Я училась на третьем курсе. Мне было 19 лет, когда я заметила Славика, тоже студента третьего курса из параллельной группы. Я видела его уже третий год, но в тот день он был с очень красивой девушкой. Оба высокие, стройные, красивые и счастливые шли по улице, взявшись за руки. Самая чёрная зависть пронзила меня, и из глаз посыпались искры. У меня всегда была повышенная самовнушаемость, и развитое воображение, и я, собирая отдельные факты, всерьёз считала, что у меня дурной глаз, так как с теми, на кого я плохо поглядела, случались несчастья. Например, распадались пары. Вероятно, я фиксировала только те факты, когда это случалось, и забывала, когда не случалось. Когда меня обидят, я часто ощущала, что независимо от моей воли, тем более, от разума, так как происходило это молниеносно, возникали вспышки внутри, как толчок мгновенный и сильный. Я бы назвала это мгновенной яростью, которая выходила из меня через глаза, блеснув как молния, не оставляя следа. Это иногда происходило и без обиды, просто так, и вызывало удивление. Я стала бояться, не приношу ли я этим вред людям, так как слышала о сглазе и порче. Я стала работать над собой, чтобы научиться управлять этими стихийными явлениями, как в детстве научилась управлять снами и просыпаться по собственному желанию. Когда из глаз вдруг что-то вылетало, я зажмуривала глаза и мысленно говорила: "Простите, я не хотела, я не нарочно, я беру это назад". Потом все эти явления прошли бесследно.
Но в тот момент, как их увидела, я не стала просить прощения. Зависть возникла внезапно, непроизвольно, и породила не любовь, а агрессивное желание отнять чужое: пусть он любит меня, а не её. А дальше был настоящий разбой. Используя тысячи уловок, данных инстинктом, я ежедневно, кропотливо, как паук, плела невидимую паутину обольщения на лекциях, на практических занятиях, в столовой, на улице, всегда и везде. Я сконцентрировала всю свою энергию желания в пучок, и в виде луча, подобного лазеру, направила на единственный желанный объект. Лазер камни режет, а я внедрилась в его сознание и разместилась там, как у себя дома, занимая всё свободное пространство. Письмо Славика от 7.06.65 ‹http:atheist4.narod.rusvf08.htm›
Мне, оказывается, только это и надо было – быть творцом счастья. Не было в помине зависти и агрессии, в душе звучала музыка Моцарта ‹http:atheist4.narod.rusvturkish.htm›. Я любила и писала об этом своему Славику. Я была счастлива.
"Сердце, тебе не хочется покоя.
Сердце! Как хорошо на свете жить!
Сердце, как хорошо что ты такое!
Спасибо сердце, что ты умеешь так любить!"

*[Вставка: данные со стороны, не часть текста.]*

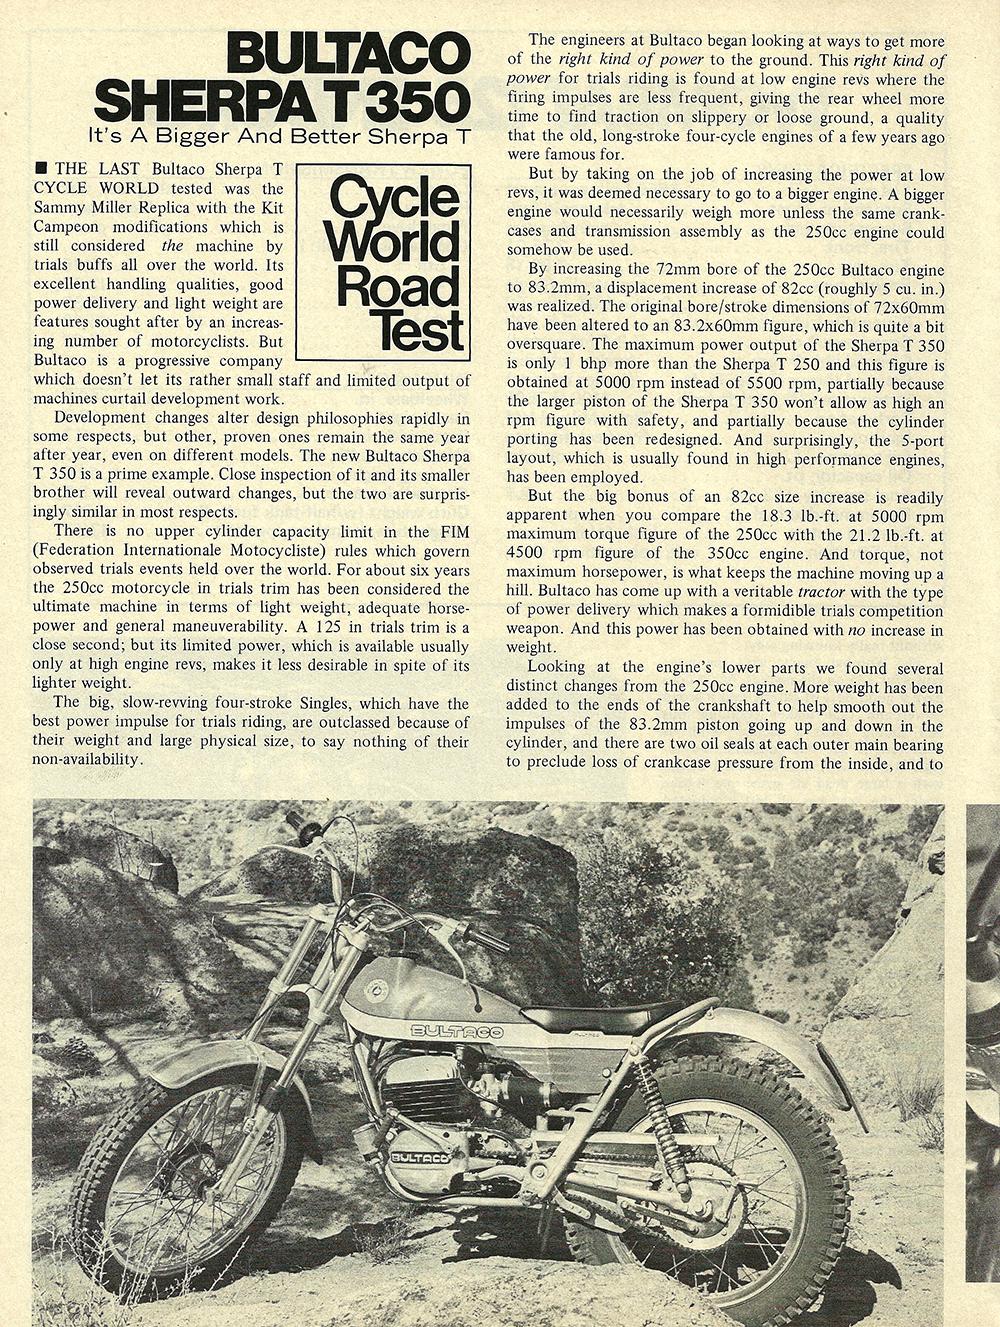 1972 Bultaco Sherpa T 350 road test 01.jpg

Не было и никогда не будет в будущем (так и случилось) у меня стольких беспредельно счастливых дней. Секса не было. "А что же было то?" – спросит современная девушка, потерявшая девственность (честь) в 13 лет. Если спросит, то я не смогу ответить ей убедительно, и исповедь моя покажется ей фарсом, потому что счастье тех дней нельзя пощупать руками, увидеть глазами, нельзя рассказать о нём, перечисляя через запятую множество событий тех дней. Например, я нравилась его родителям, младшая сестрёнка его не отходила от меня. Наконец, мой избранник нравился моей маме, и конфликтов не было. Мы бродили полям, очарованные голубым сиянием Луны и звёздами. В колхозе на картошке объедались черникой, а затем раскрашивали ею друг у друга лица. Пытались верхом кататься на лошадях, ездили на велосипедах и целовались на большой скорости. Вспоминается, как отмечали моё двадцатилетие в ресторане: играла музыка, сёстры Пинац исполняли на японском языке песню о любви "У моря, у синего моря". Я сказала Славику, что эта песня обо мне, там были слова: "Плывите дельфины в чужие моря, расскажите как счастлива я". Мы танцевали, ели медведя, запивали шампанским, и заказали столько всего, что не только не съели, но и стипендии не хватило, чтобы расплатиться.